2) They denied the doctrine of predestination and were therefore called Arminians, though their theology was very different from that of Arminius who desired more ritual in church worship.

3) At first the initiative lay with the Presbyterians. The Scots wanted the Church of England to become like the Church of Scotland. To this end, Parliament convened the Westminster Assembly, which met in more than thousand sessions from 1643 to 1649 - and irregularly thereafter.

4) To legislate for one common Presbyterian establishment of religion for British Isles. To this end the assembly produced a Directory for the Publick Worship of God, designed to replace the Book of Common Prayer. They produced the Shorter and Larger Catechisms, which have achieved a status comparable to Luther's two catechims.
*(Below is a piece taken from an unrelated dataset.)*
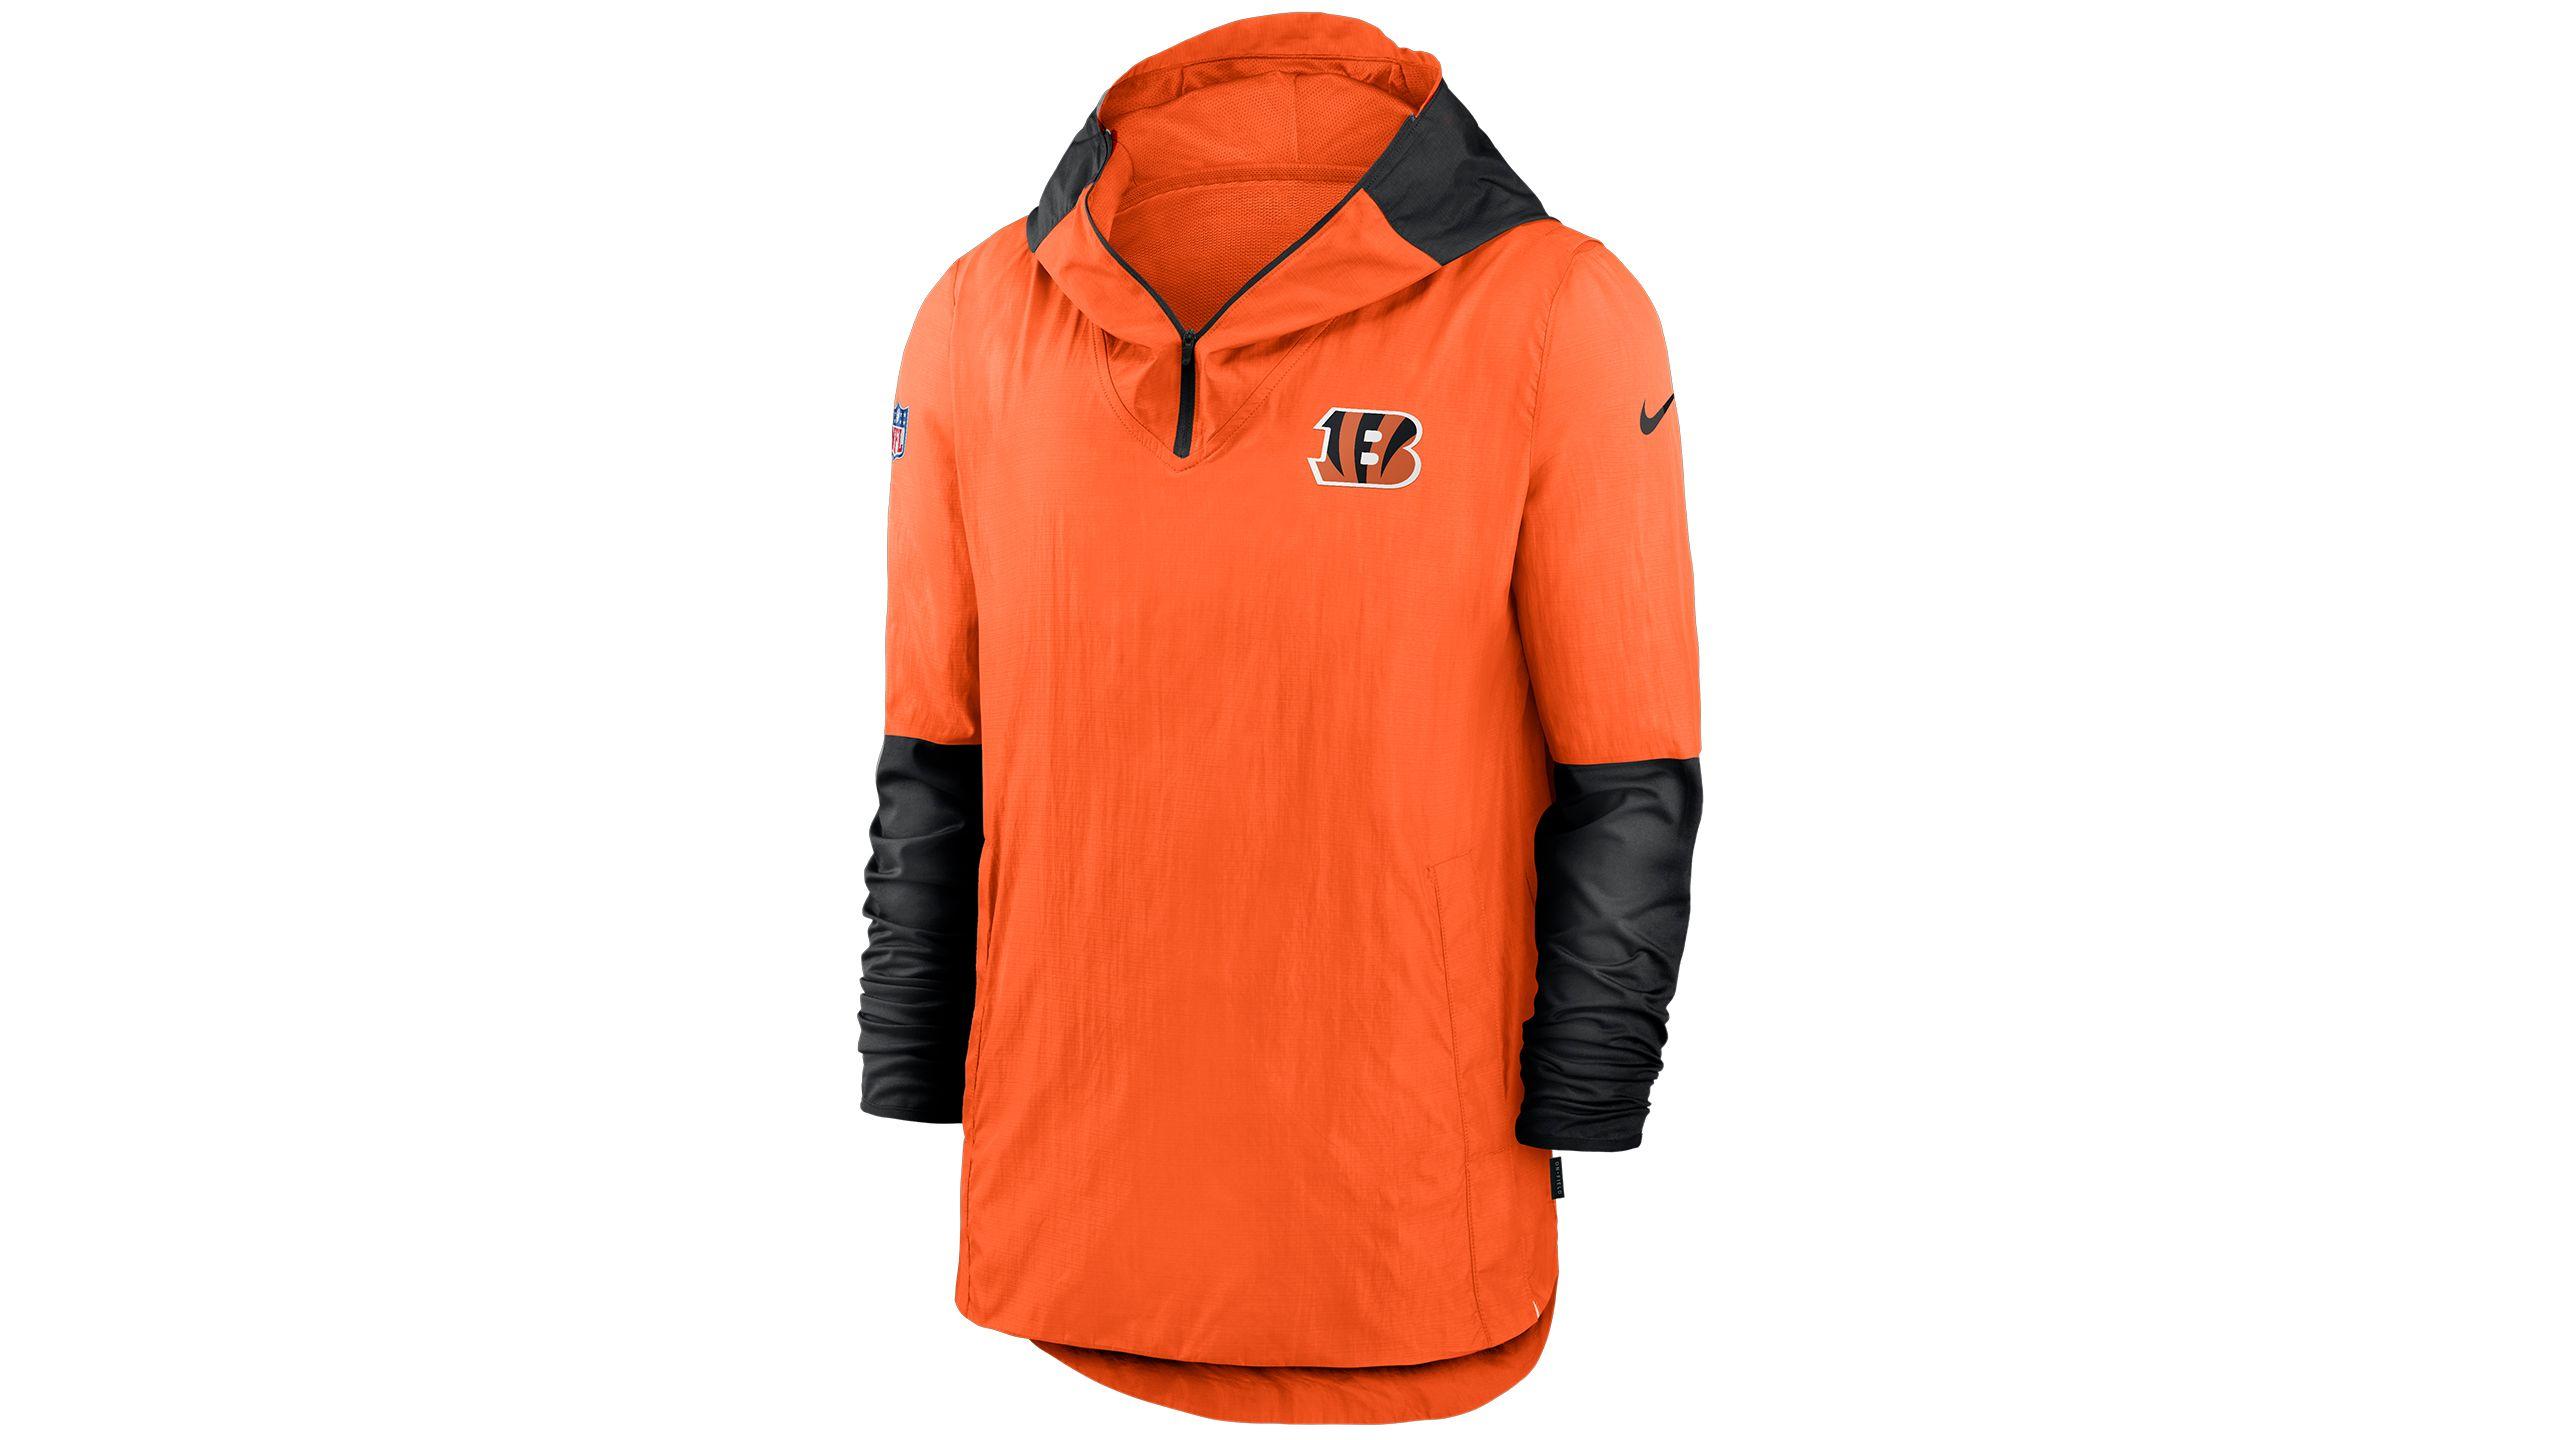 Nike Player Jacket 20

5) But their greatest achievement was the Westminster Confession, a statement of 17th-century Reformed belief comparable in length and status to the Lutheran Augsburg Confession.


6) The Westminster Confession was intended to replace the Thirty-nine Articles, in which this Confession reflects seventeenth-century British Calvinism, which differs in a number of ways from the teaching of Calvin himself. It was not adopted by the Church of England, but was widely accepted by the English-speaking Presbyterian churches and others. Especially the Church of Scotland adopted it in 1647, in the place of the earlier Scots Confession drawn up by John Knox and others.

7) The victory of Westminster was that of Presbyterianism. But Presbyterian turned out to be no more tolerant than the Arminians before them and their popularity waned.